Bob Mulrooney, Extension Plant Pathologist; firstname.lastname@example.org
Downy mildew on lima beans was identified this week on the variety ‘Cypress’ near Harbeson in Sussex County. This is pretty early, but the increased rainfall and cooler than normal temperatures in this area were favorable for infection. Not all lima bean growing areas have had the same amount of rainfall, but growers and crop consultants need to be scouting for downy mildew. Last season downy mildew appeared very late and infected only a few fields. Race F of Phythophthora phaseoli was the only race identified in 2006 and 2008. Preventative applications of 2 lbs fixed copper, 2 lbs. Ridomil Gold/Copper, or 3-4 pts Phostrol have provided control of downy mildew in the past. The newest formulation of fixed copper from DuPont is Kocide 3000 and it performs as well as the other formulations of copper at the rate of 1.3 lbs/A. The best controls continue to be Ridomil/Gold Copper or Phostrol, especially when disease pressure is high. Application at flowering or when pods are first forming is recommended if weather is favorable for disease. If disease is present Ridomil/Gold Copper and Phostrol have shown to provide some curative activity if applied when downy mildew is first seen. Ridomil Gold/Copper has a national label now, so no 24c label is needed. Phostrol has a 24c label which needs to be on hand: http://www.rec.udel.edu/update09/Phostrol24c.pdf. Headline from BASF is also labeled for downy mildew now. I have tested it and it has provided good control of downy when applied on a 10-day schedule at 6.0 fl oz/A. It does control the disease as well as Ridomil Gold/Copper or Phostrol preventatively, but the yields have been comparable. It is also labeled for anthracnose which the other products do not control. If soybean rust had become a problem in other legumes it would have been another fungicide in the toolbox for lima beans, since it is also labeled for soybean rust on limas.

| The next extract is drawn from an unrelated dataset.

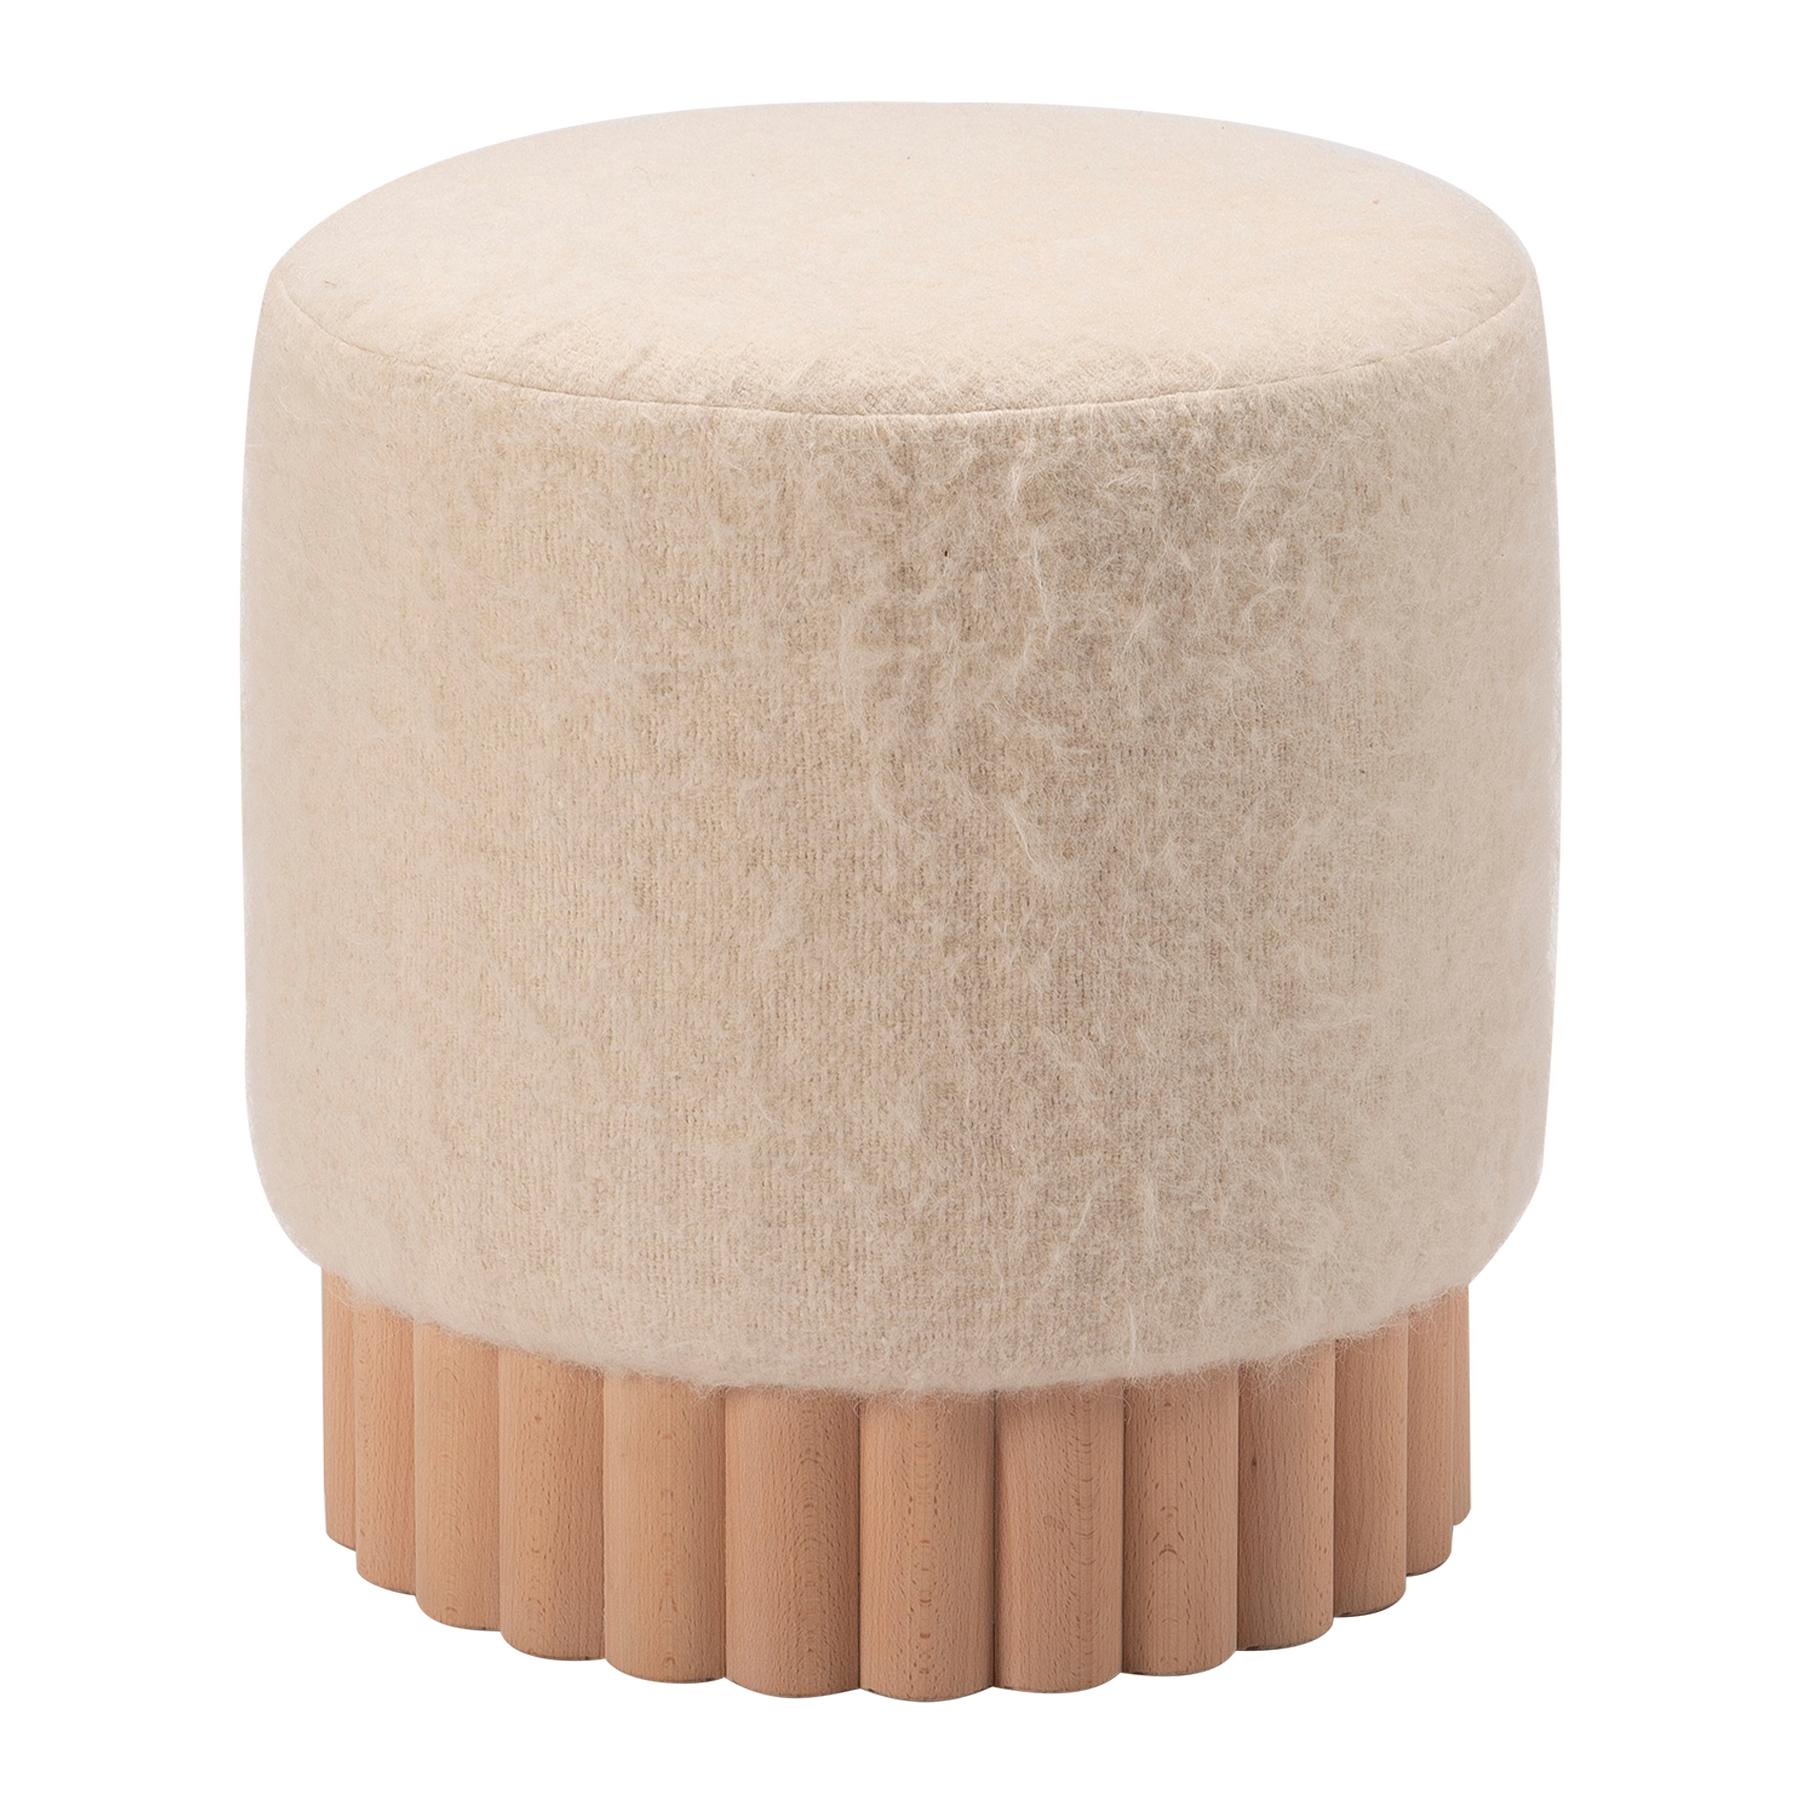 Loto Pouf, Beech, Tzalam or Blackened Oak Wood and Leather or Fabric

Fungicide Rates and Intervals for Control of Downy Mildew of Baby Lima Beans
|High Disease2||Low Disease3||High Disease2||Low Disease3|
|Ridomil Gold/ Copper||2 lb 2X7 to 14-day interval||2 lb 1X||2 lb 2X7 to 14-day interval||2 lb 1 to 2X10 to 14-day interval|
|PhostrolFungi-Phite||3-4 pt 1 to 2X7 to 14-day interval||2-4 pt 1 to 2X7 to 14-day interval||3-4 pt 2X7-day interval||4 pt 1X or2-4 pt 2X7 to 14-day interval|
|Fixed Copper4||2 lb 4X7-day interval(may not control)||2 lb 2 to 3X7 to 10-day interval||
1Curative – when disease first seen, very low incidence, less than 1% of pods and/or racemes infected
2High Disease – conditions very favorable for infection and spread, i.e. ample rainfall, dews, fog and cool temperatures
3Low Disease – conditions less favorable for disease, i.e. low humidity and rainfall and/or temperatures too high (high 80s and above)
4Copper fungicides include Champ DF, Kocide 3000, Cuprofix Disperss and other labeled coppers.
Downy mildew caused by Phytophthora phaseoli
Downy mildew on raceme and petiole
Phytophthora capsici on lima bean pod
Phytophthora capsici will infect lima bean pods as well and can look very similar to downy mildew. P. capsici or lima bean pod rot is usually found in wet low spots in the field. The fungus growth looks more granulated or “pebbly” than downy mildew, microscopic confirmation is encouraged.